Dire Straits' final album, Live at the BBC, is a collection of live recordings from 1978 to 1981, which mostly feature the original line-up of the band. [92] Released in June 1995, their third and final live album was a contractual release to Vertigo Records (now a division of Mercury Records). [92] At this time, Mark Knopfler quietly disbanded Dire Straits and prepared to work on his first full-fledged solo album (still signed to Mercury Records). [93] Knopfler later recalled that, "I put the thing to bed because I wanted to get back to some kind of reality. It's self-protection, a survival thing. That kind of scale is dehumanizing." [94] Knopfler spent two years recovering from the experience, which had taken a toll on his creative and personal life.

1996–present: Rock and Roll Hall of Fame induction

After disbanding Dire Straits, Mark Knopfler started his career as a solo artist, releasing his first solo album, Golden Heart, in March 1996 after nearly 20 years of collaborations. Brothers in Arms was certified nine times platinum in the US in August 1996. [30] During that year, the entire Dire Straits catalogue was remastered by Bob Ludwig and re-released on CD on Mercury Records, in most of the world outside the United States. The remasters were released in September 2000 in the United States, on Warner Bros.

Knopfler, John Illsley, Alan Clark, and Guy Fletcher reunited for one last time on 19 June 1999, with Ed Bicknell on drums, playing five songs, including a performance of Chuck Berry's " Nadine" for Illsley's wedding. [95] In 2002, Mark Knopfler was joined by John Illsley, Guy Fletcher, Danny Cummings and Chris White for four charity concerts. Brendan Croker joined Knopfler during the first half, playing mainly material composed with The Notting Hillbillies. Illsley came on for a Dire Straits session, toward the end of which, at a Shepherd's Bush concert, Jimmy Nail came on to provide backing vocals for Knopfler's solo composition, " Why Aye Man". The song appears in the 2002 album The Ragpicker's Dream, an album that contains numerous other references to Knopfler's home area in North East England. [96]
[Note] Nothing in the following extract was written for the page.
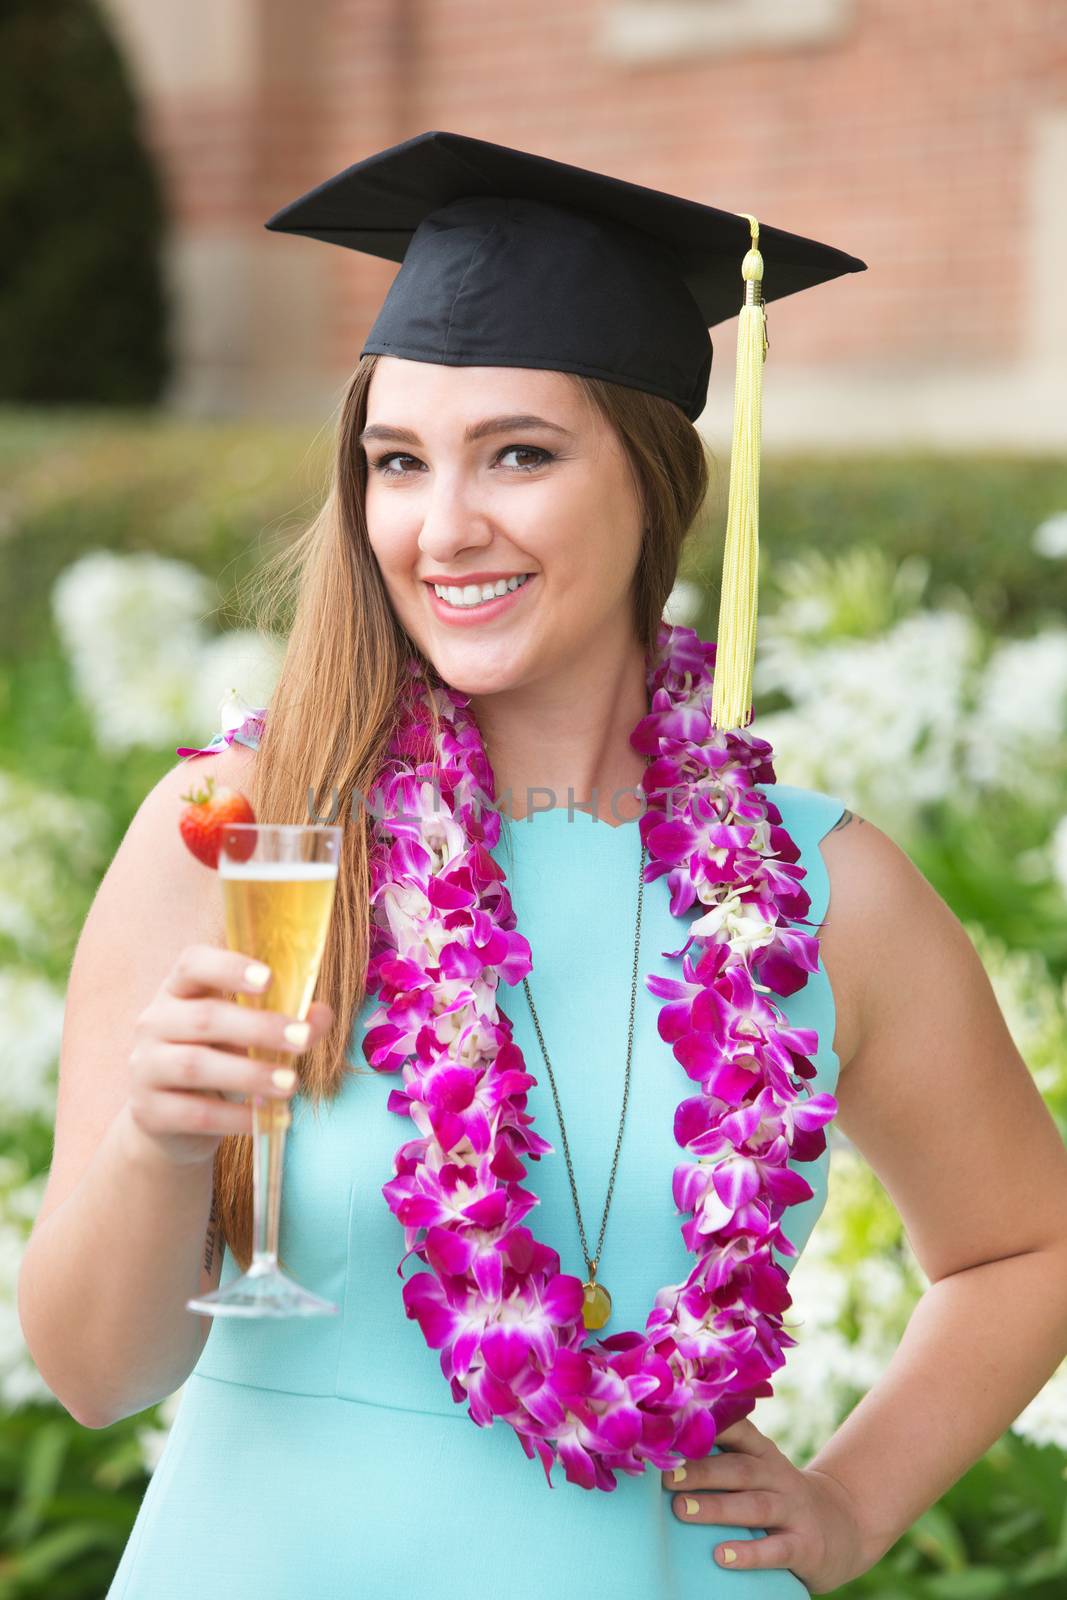 Smiling young female college student with boa and wine

The most recent compilation, The Best of Dire Straits & Mark Knopfler: Private Investigations, was released in November 2005 and reached the UK Top 20. Featuring material from the majority of Dire Straits' studio albums as well as Mark Knopfler's solo and soundtrack material, it was released in two editions, a single CD with grey cover and a double CD in blue cover. The only previously unreleased track on the album, " All the Roadrunning", is a duet with singer Emmylou Harris. The album was well received. Also in 2005, Brothers in Arms was re-released in a limited 20th anniversary edition, which was a success, winning a Grammy Award for Best Surround Sound Album at the 48th Grammy Awards ceremony. [97]
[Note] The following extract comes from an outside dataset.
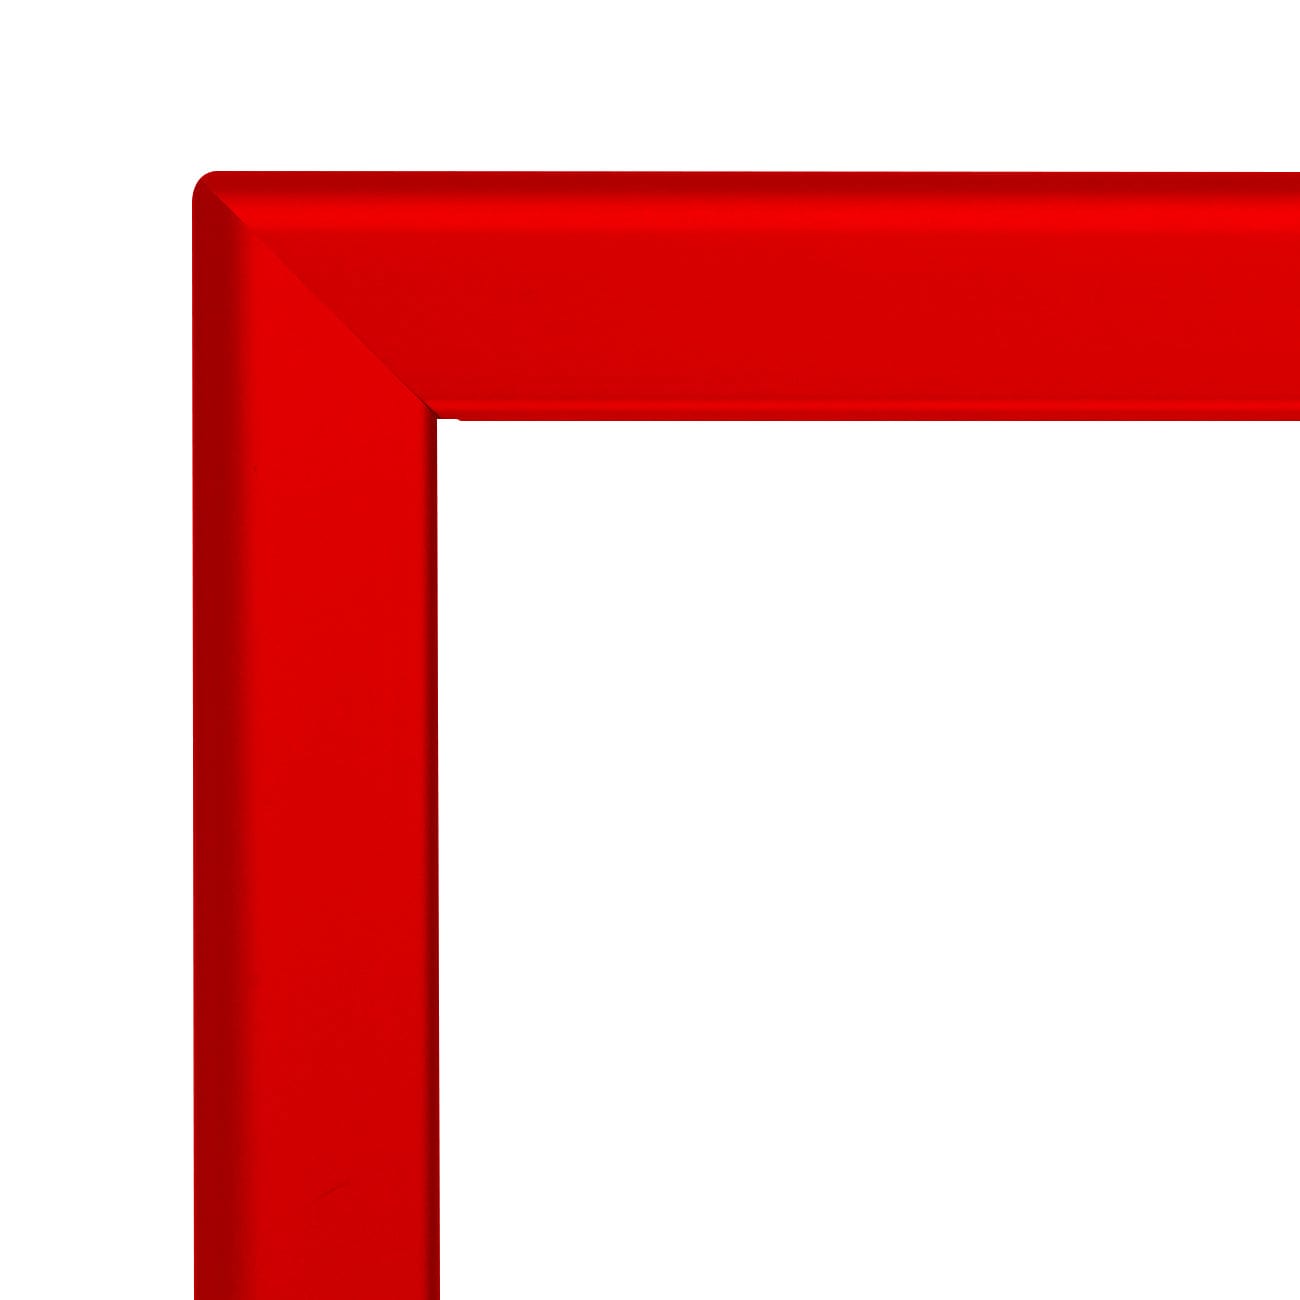 36x48  TRADEframe Red Snap Frame 36x48 - 1.25 inch profile - Snap Frames Direct

Mark Knopfler, pictured in 2015, has declined offers to re-form the band, stating "It just got too big. If anyone can tell me one good thing about fame, I'd be very interested to hear it." [9]

Since the break-up of Dire Straits, Mark Knopfler has shown no interest in re-forming the band and is quoted as saying "Oh, I don't know whether to start getting all that stuff back together again," [9] and telling reporters that "I would only do that for a charity. I'm glad I've experienced it all – I had a lot of fun with it – but I like things the way they are." However, keyboardist Guy Fletcher has been associated with almost every piece of Knopfler's solo material to date, and Danny Cummings has frequently contributed, notably to three of Knopfler's most recent solo album releases: All the Roadrunning (with Emmylou Harris), Kill to Get Crimson and Get Lucky. [98] [99]

In 2007, Knopfler said he did not miss the global fame that came his way at the height of the band's success, explaining that "It just got too big." [9] In October 2008, John Illsley told the BBC that he wanted Knopfler to agree to re-form Dire Straits for a comeback tour. Knopfler declined, saying that he was often reluctant to re-form the group and insisted that he "isn't even a fan of Dire Straits' early hits." [100] [101] In the same interview, Illsley also suggested that Knopfler is enjoying his continued success as a solo artist, saying that "He's doing incredibly well as a solo artist, so hats off to him. He's having a perfectly good time doing what he's doing." [9] Guy Fletcher stated on his website that Knopfler has no interest in re-forming Dire Straits. [102]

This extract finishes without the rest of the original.